Rockstar has shown that that is simply not true with Grand Theft Auto IV and continuing in Red Dead Redemption (I will probably be writing about that in the near future).
In most Grand Theft Auto games, money eventually becomes a joke. In Vice City I finished with about 800 million dollars for fuck's sake. Grand Theft Auto IV is different. You will finish the game with more money than you or I could make in a year, sure. But you won't break a million bucks by the end of the game (especially if you choose the 'I actually have some morality left' choices). This isn't a 'rags to riches' story. This is a 'rags to doing alright' story.
On top of this, no matter what you do, someone close to you is going to die. In the end you can choose revenge which results in Niko's beloved Kate getting killed. Or you can choose to make a deal with the villain, which results in your cousin dying.
Him?
Or her?
Most cruelly, these choices make you think that that specific character won't get killed. It is your cousin that wants you to make the deal so that you can get a shitload of cash and help give Roman and his fiance a lavish honey moon. It is Kate who tells you not to go back on your morals and refuse the deal. So you go with what you feel is right and the person most represented by that ideal ends up dead. Holy shit!

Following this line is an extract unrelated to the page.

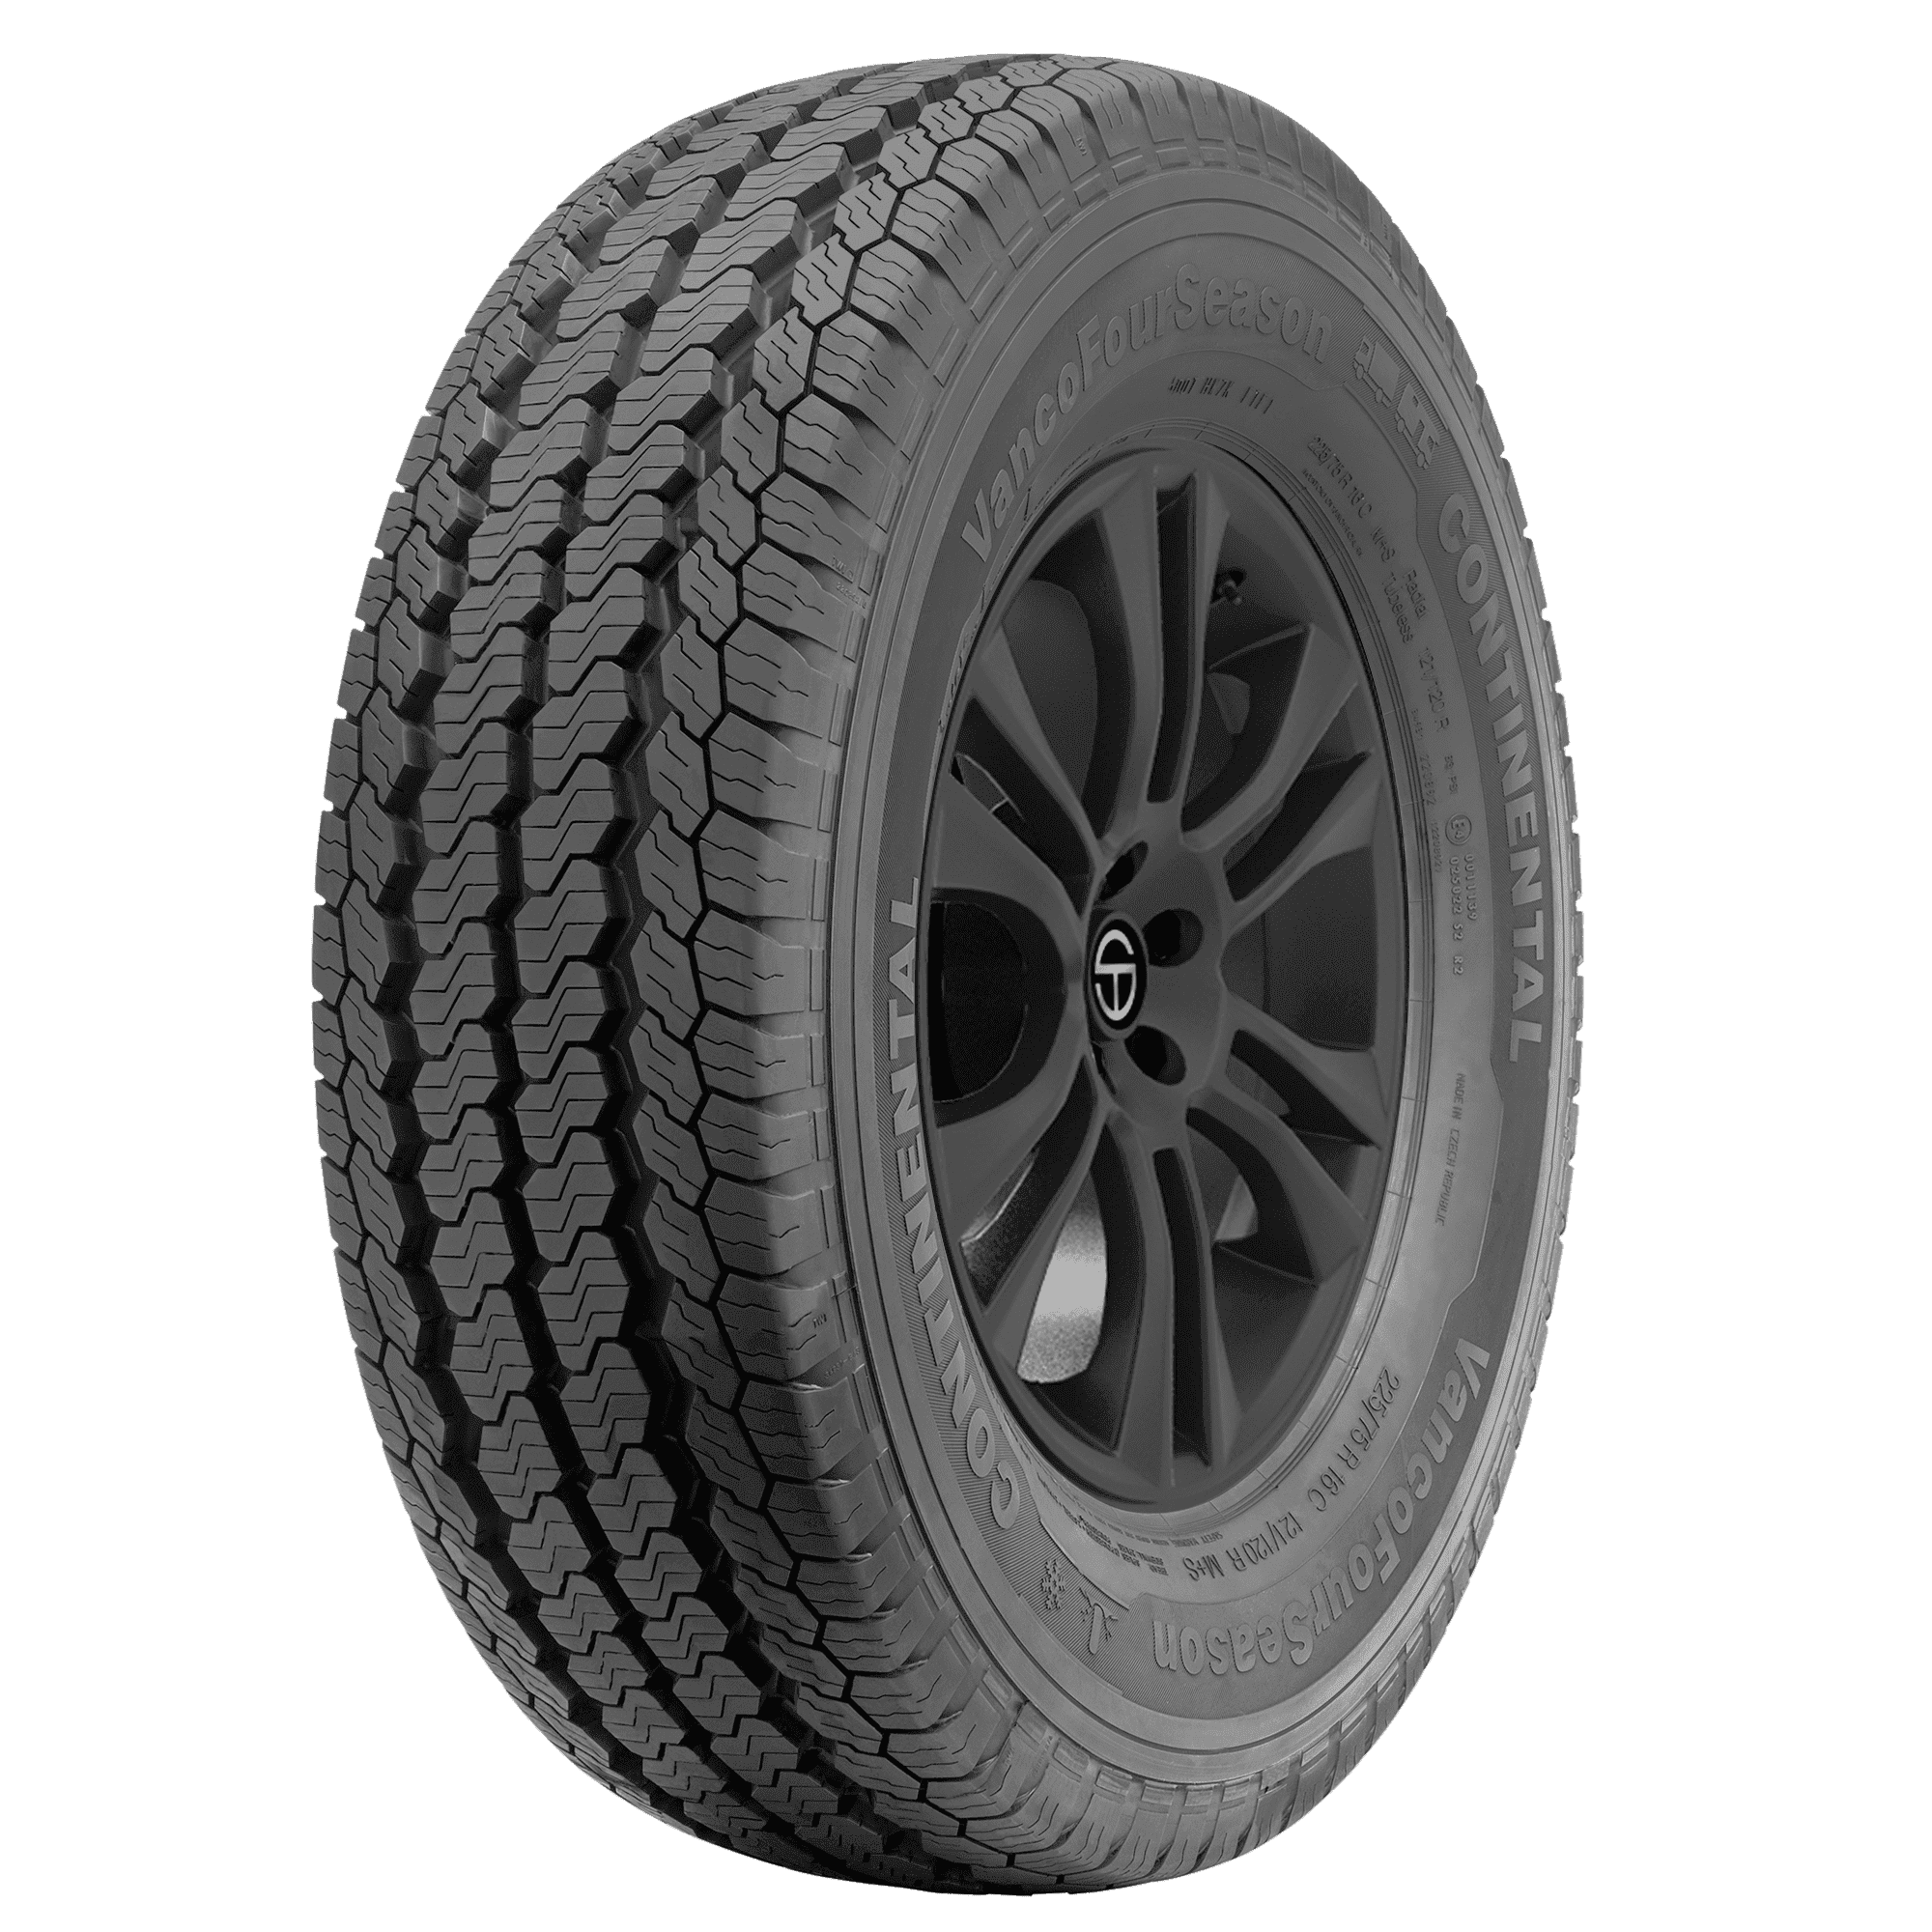 Shop for 205/75R16 Tires for Your Vehicle | SimpleTire

"Kate, we have to go back!"
So you go on this final ride, get revenge on the ass that killed your cousin or beloved but that is it. You have some money and a few friends. But what did you really gain? What did you lose? Was it worth it? And, if you are anything like me, you will be pondering the decisions you made throughout the game over and over, long after the credits roll. Which to me, says that the developers did everything right and created a video game that truly transcends the ideas of what a video game is capable of as a medium for entertainment.